I have been having computer slow downs and lock-ups for about a year. My old 2007 Pookie is a dual core work horse that has served me well. No complaints, it is not a bad computer for web viewing, email and light social media.
It handled standard definition video data files just fine. Once I started using high definition camcorders and installing modern software Pookie was uncomfortable. By 2011 she really started to slow down.
We worked through it. Got a terabyte drive for video storage, cleaned out the gunk and tried not to have more than one other program open at a time.
Still, Pookie has hung on. It is a struggle. Yesterday while typing and trying to look at what I recorded Pookie could stand no more. She told me to choose between word processing or video editing.
That was the last draw for me. So this week I'm dedicating to learning and then buying a new computer for video editing and beyond.
Know What You Want
I know what I want; not a laptop, not an all in one device and I don't want to spend more than $1,000. I'm not being cheap. I have what is known as savings. I have saved a certain amount for a new computer. This has to include taxes, shipping, unpredictables and possible new software.
Here is the short version of what I need in a desktop:
- I5 or I7 CPU
- 8 to 10MB RAM
- 1 Terrabyte hard drive but 2 Terabytes would be better.
- Separate graphics card, or upper level integrated graphics card. I hate integrated graphics cards but at this price point I have to consider them.
And you would be right except that there is a whole bunch of flim flam going on in the desktop buying marketplace.
AMD CPUs being sold in retail chains. I have nothing against AMD CPUs. If I could find a quality equivalent AMD product I'd go for it. Some of the desktop computers in retail are the AMD Phenom II x3 and X2 CPUs. This is the equivalent of an Intel i3.CPU.

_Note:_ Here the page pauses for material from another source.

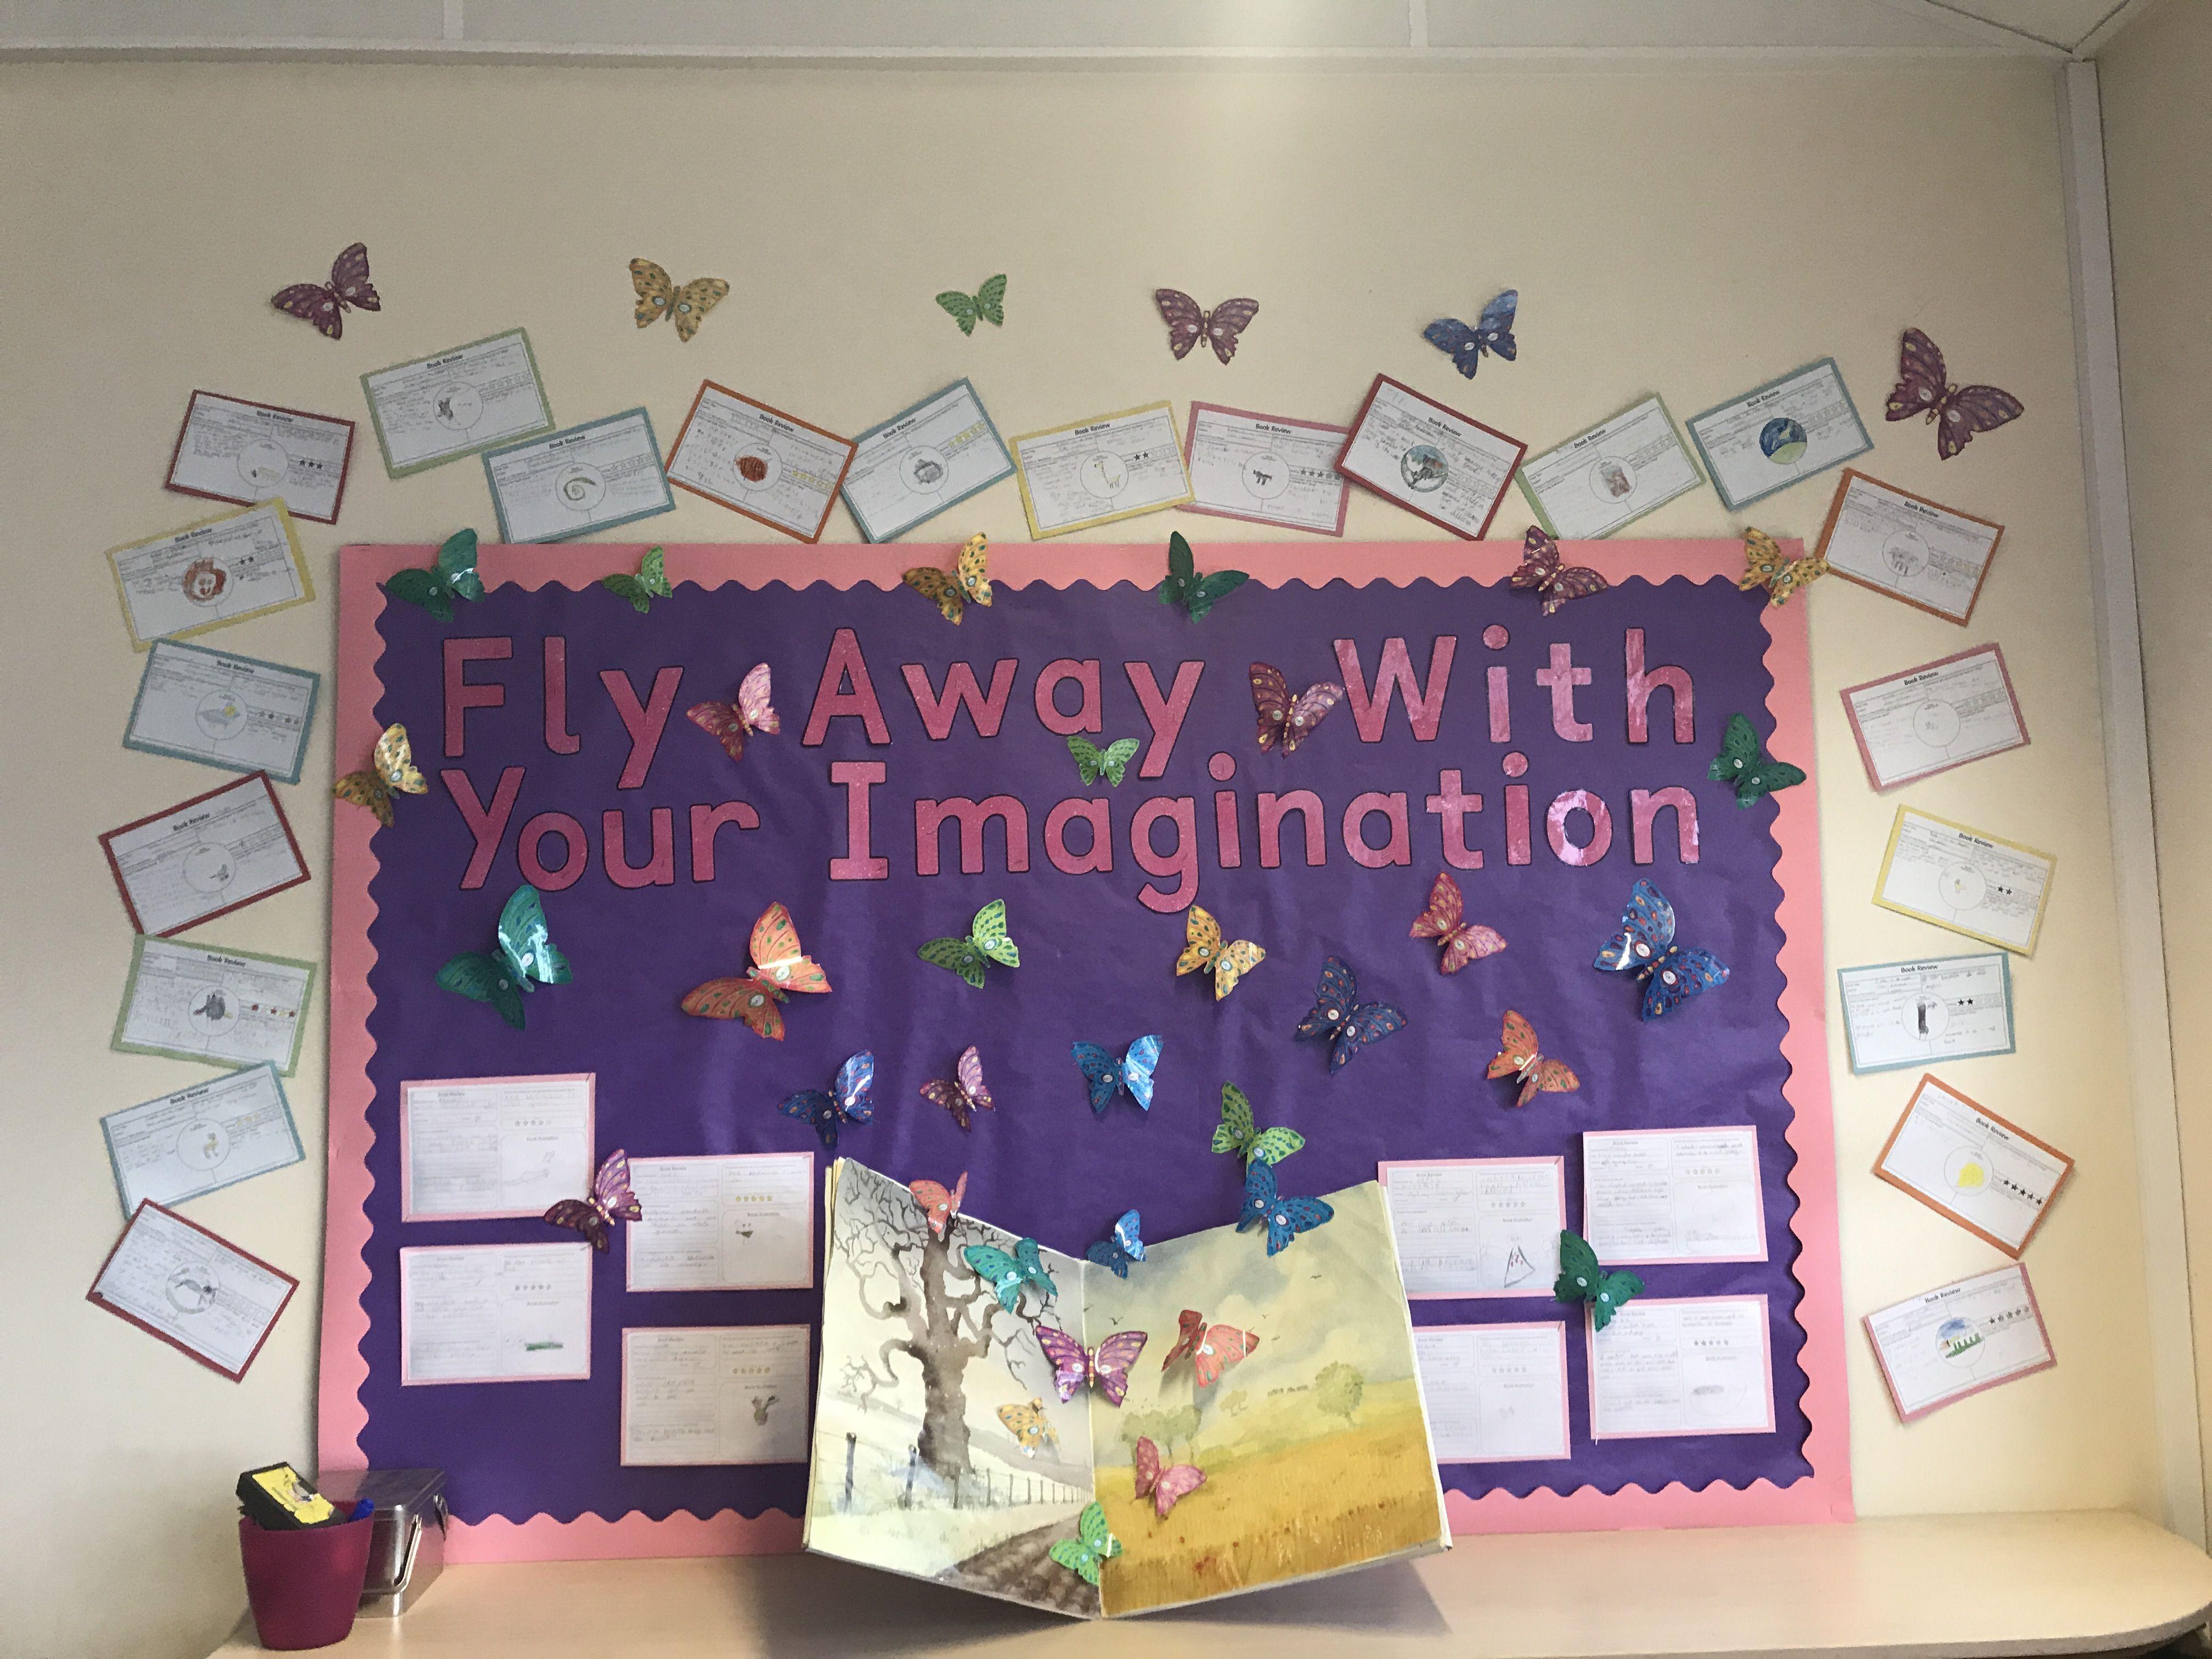 Book Corner Display Ks1 Classroom Year 2 Imagination
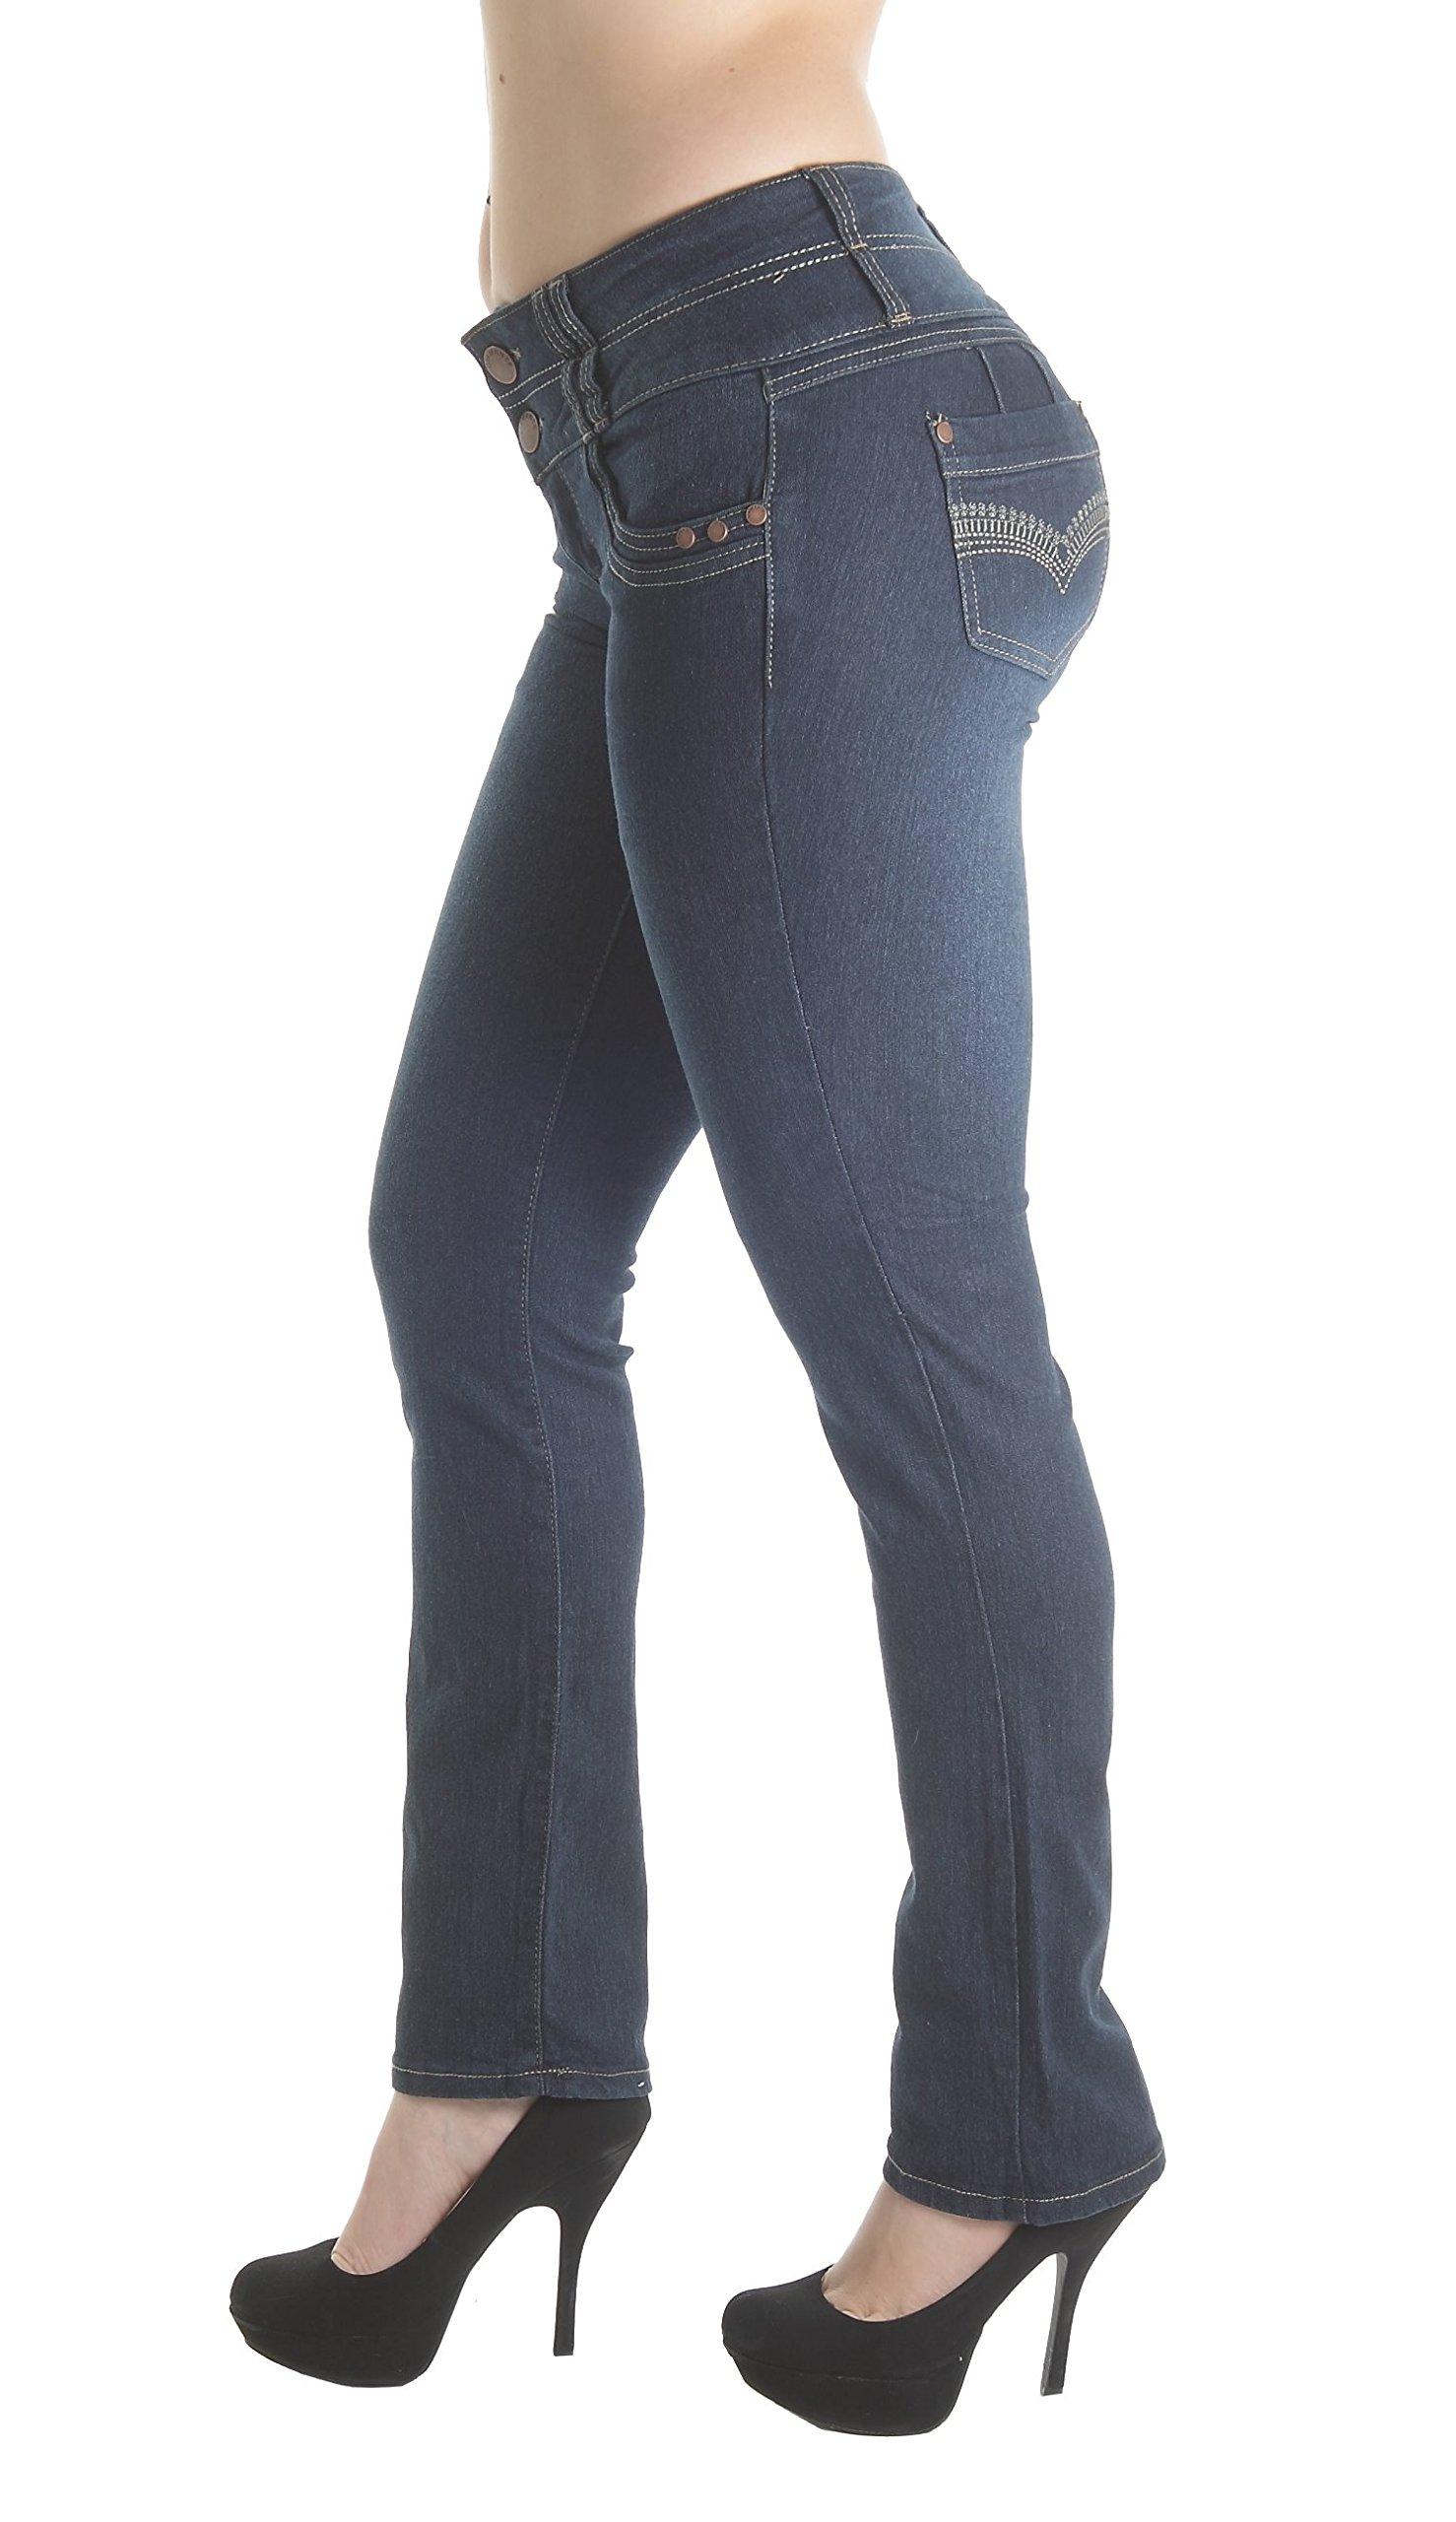 Fashion2Love FCH159BT – Colombian Design, Butt Lift, Levanta Cola, Mid Waist, Boot Leg Jeans in Navy Size 0

There is another AMD line called Fusion. Again, you as the consumer would have to be aware that the Fusion line has four different model types. You don't want the bottom two. I could not find models with the more powerful AMD Fusion CPUs. Believe me, I looked.
Next on the flim flam list is the use of 5400 RPM hard drives. These are slower hard drives that are not suitable for those of us that edit video.
For basic consumer users 5400 RPM isn't going to make a difference.
For gamers, photography, podcasters and video folks it makes a huge difference. You cannot buy computers with 5400 RPM hard drives. You will be at risk of lock ups and all kinds of bad things.
I'll go into detail in my next post but I have to tell you I spent six hours yesterday going through retail and online sites.
The horror. I could not find an acceptable consumer level desktop computer that didn't cheap out on the hard drive, the CPU or the quality of the build.
One more thing. I can't buy Apple. Word is they are about to ditch their MacPro line. All of my stuff is in PC land. It is not an option.